### Task statement
Return each entry below exactly. Skip the images.

# # # # # # #

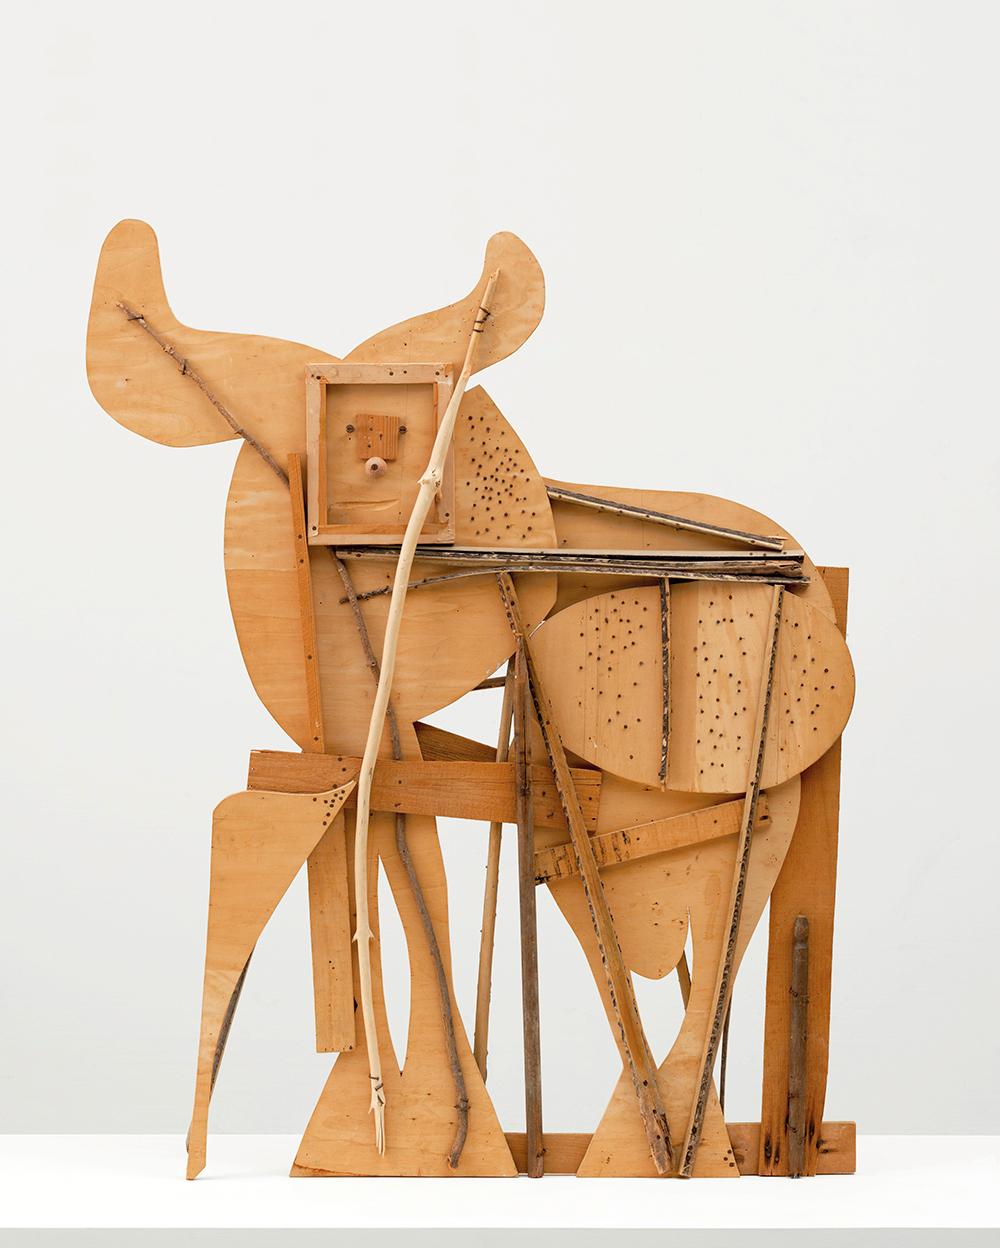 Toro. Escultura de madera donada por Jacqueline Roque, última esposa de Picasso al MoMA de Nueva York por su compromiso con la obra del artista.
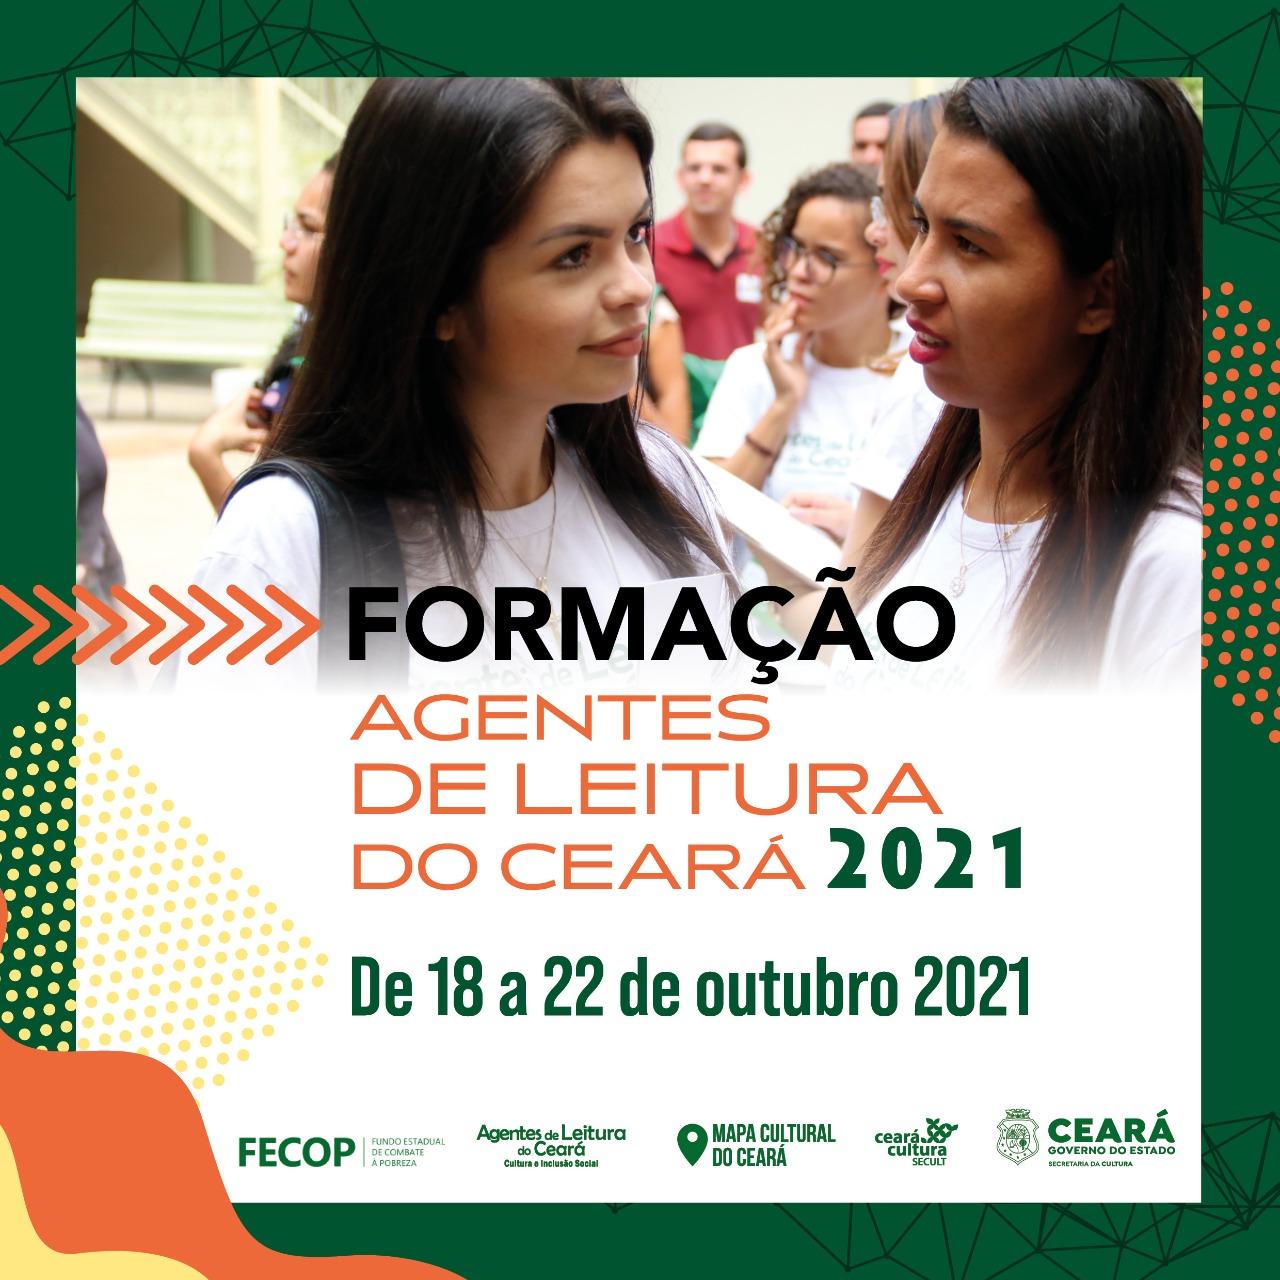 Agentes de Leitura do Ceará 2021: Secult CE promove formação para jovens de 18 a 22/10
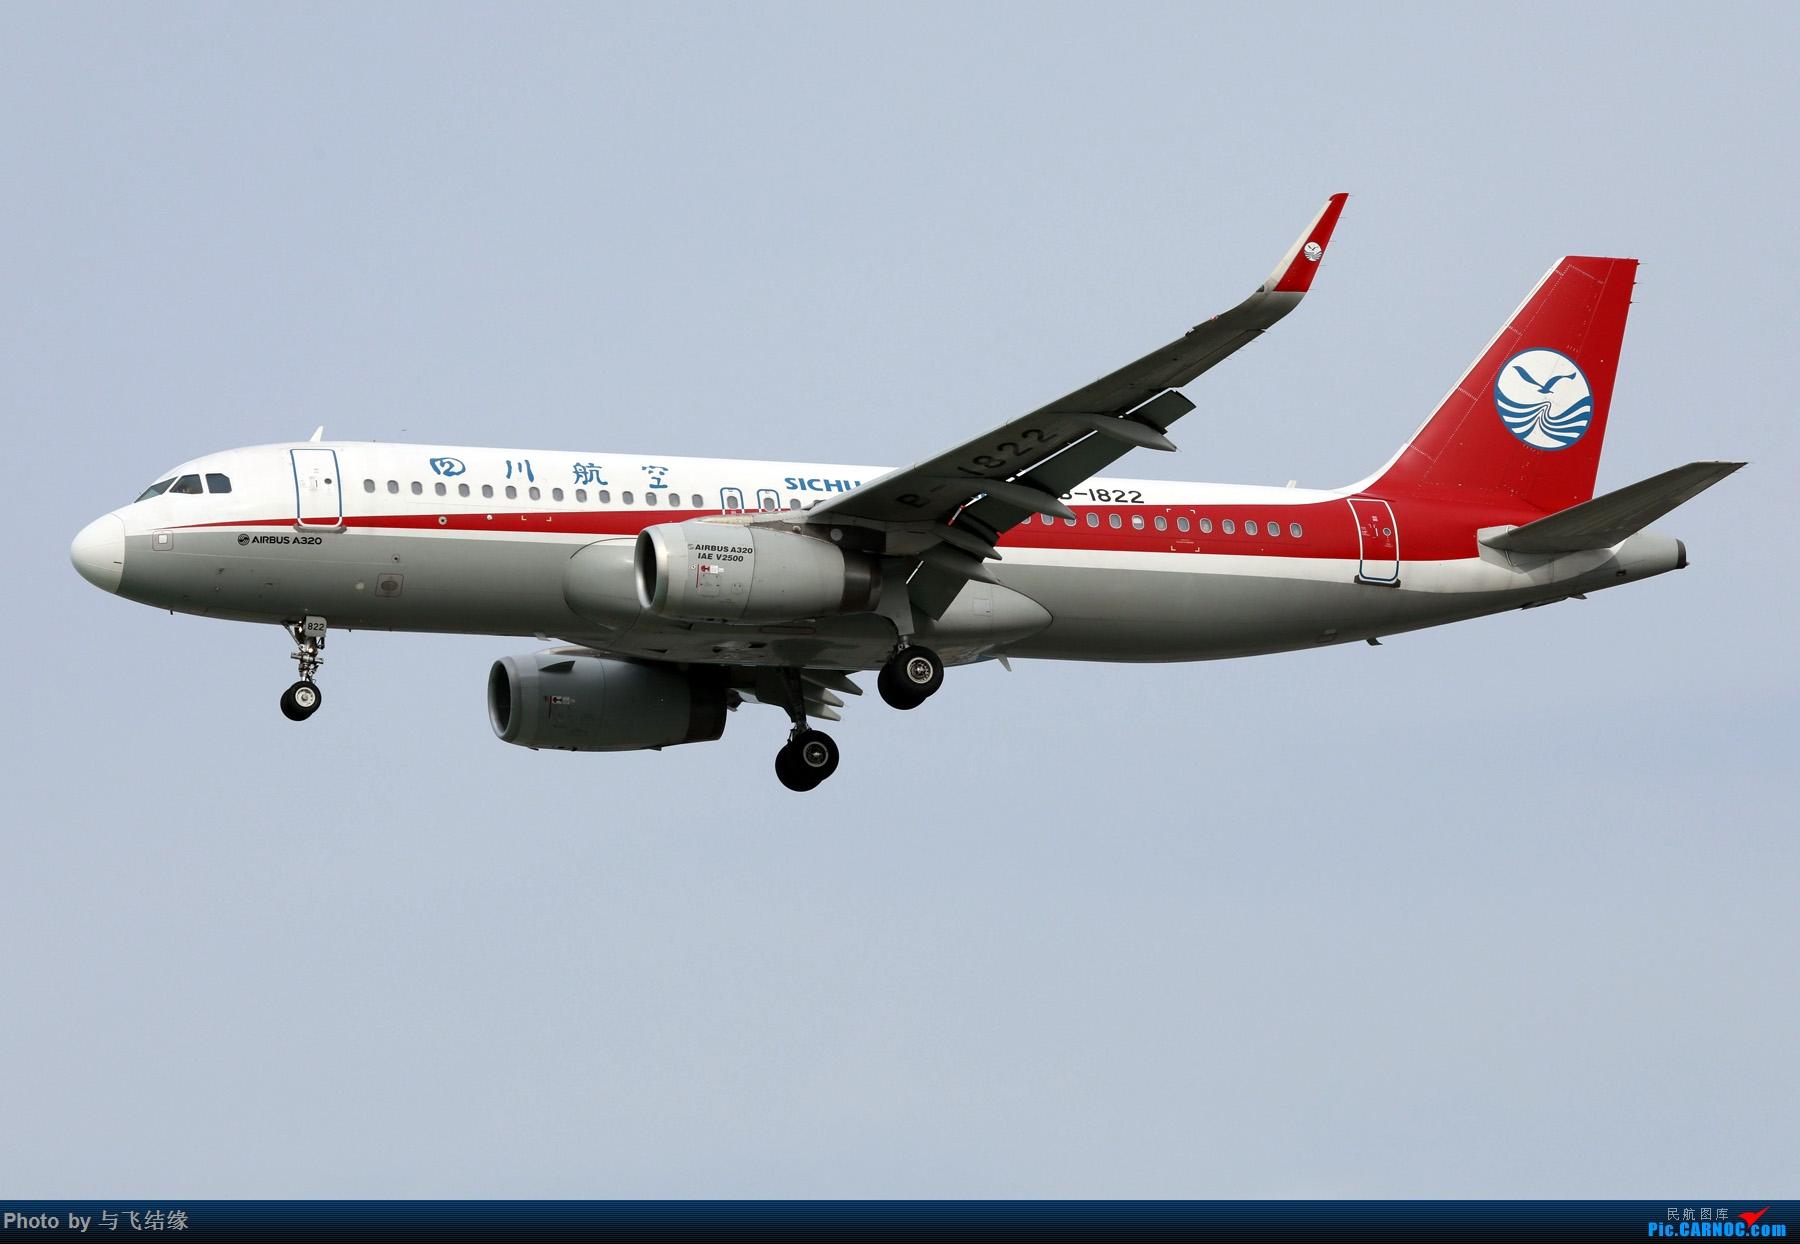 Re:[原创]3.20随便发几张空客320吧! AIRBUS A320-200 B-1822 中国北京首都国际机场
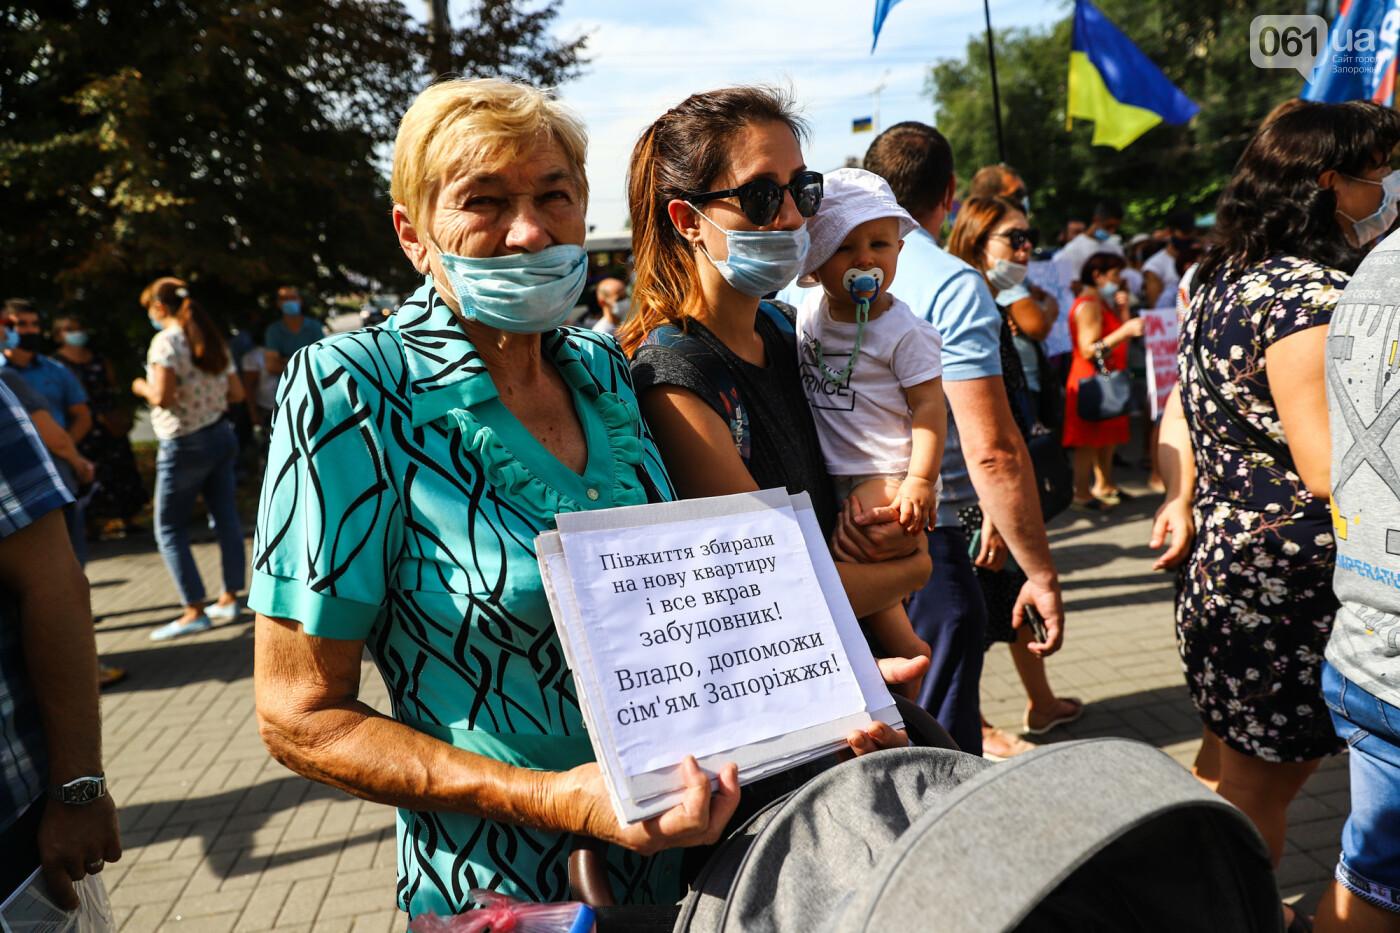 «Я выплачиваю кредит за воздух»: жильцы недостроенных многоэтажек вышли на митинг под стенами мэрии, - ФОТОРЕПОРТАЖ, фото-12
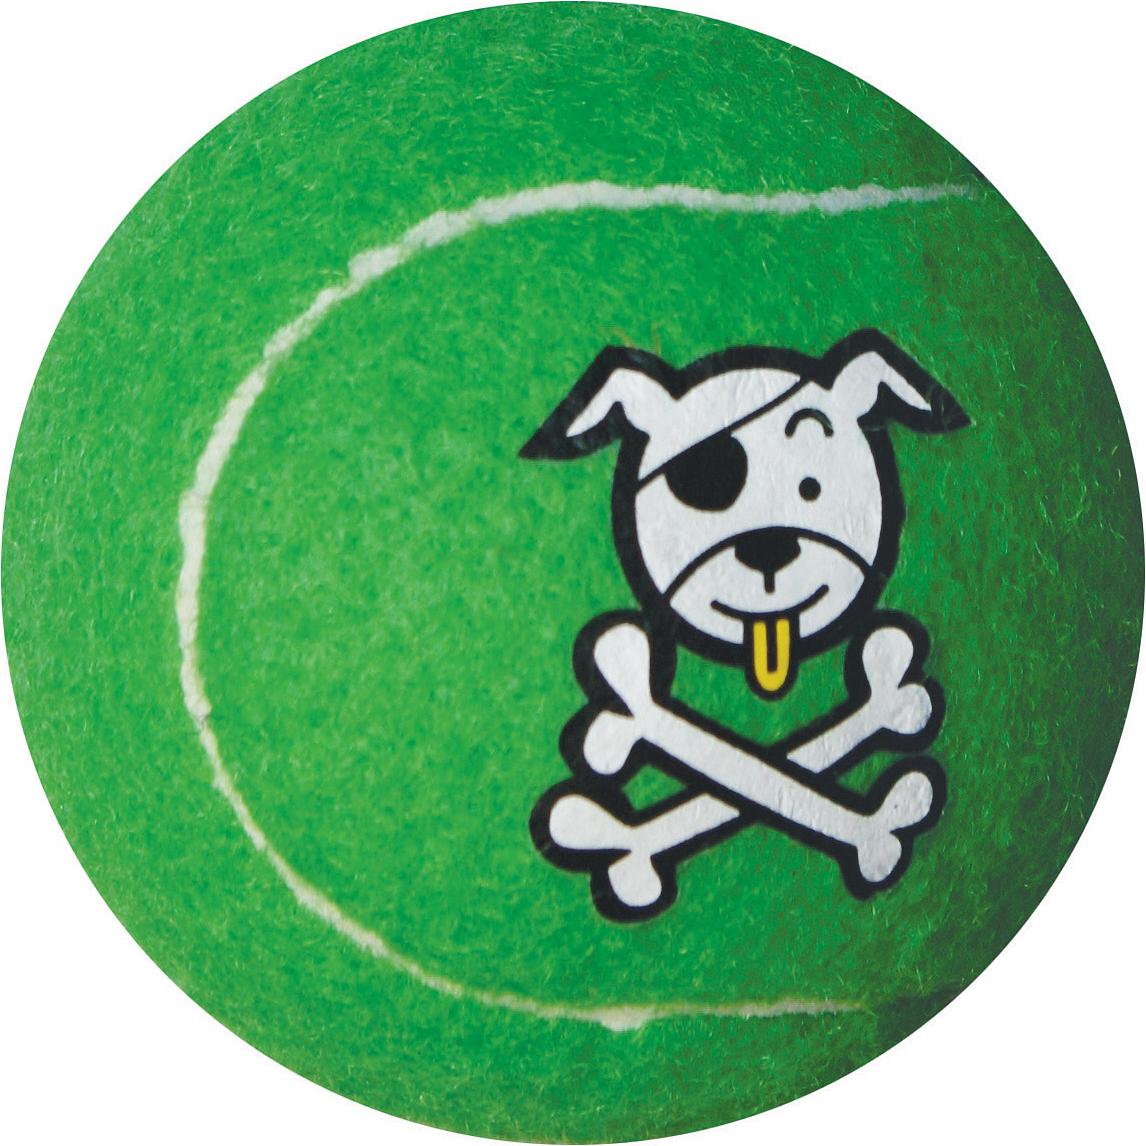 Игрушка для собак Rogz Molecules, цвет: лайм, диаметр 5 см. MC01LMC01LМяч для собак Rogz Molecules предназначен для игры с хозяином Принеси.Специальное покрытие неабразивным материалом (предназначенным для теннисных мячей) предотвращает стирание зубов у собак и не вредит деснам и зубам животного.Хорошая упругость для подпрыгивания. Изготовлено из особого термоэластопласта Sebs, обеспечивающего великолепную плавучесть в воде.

# # # # # # #

### Response
 Toro. Escultura de madera donada por Jacqueline Roque, última esposa de Picasso al MoMA de Nueva York por su compromiso con la obra del artista.
 Agentes de Leitura do Ceará 2021: Secult CE promove formação para jovens de 18 a 22/10
 Re:[原创]3.20随便发几张空客320吧! AIRBUS A320-200 B-1822 中国北京首都国际机场
 «Я выплачиваю кредит за воздух»: жильцы недостроенных многоэтажек вышли на митинг под стенами мэрии, - ФОТОРЕПОРТАЖ, фото-12
 Игрушка для собак Rogz Molecules, цвет: лайм, диаметр 5 см. MC01LMC01LМяч для собак Rogz Molecules предназначен для игры с хозяином Принеси.Специальное покрытие неабразивным материалом (предназначенным для теннисных мячей) предотвращает стирание зубов у собак и не вредит деснам и зубам животного.Хорошая упругость для подпрыгивания. Изготовлено из особого термоэластопласта Sebs, обеспечивающего великолепную плавучесть в воде.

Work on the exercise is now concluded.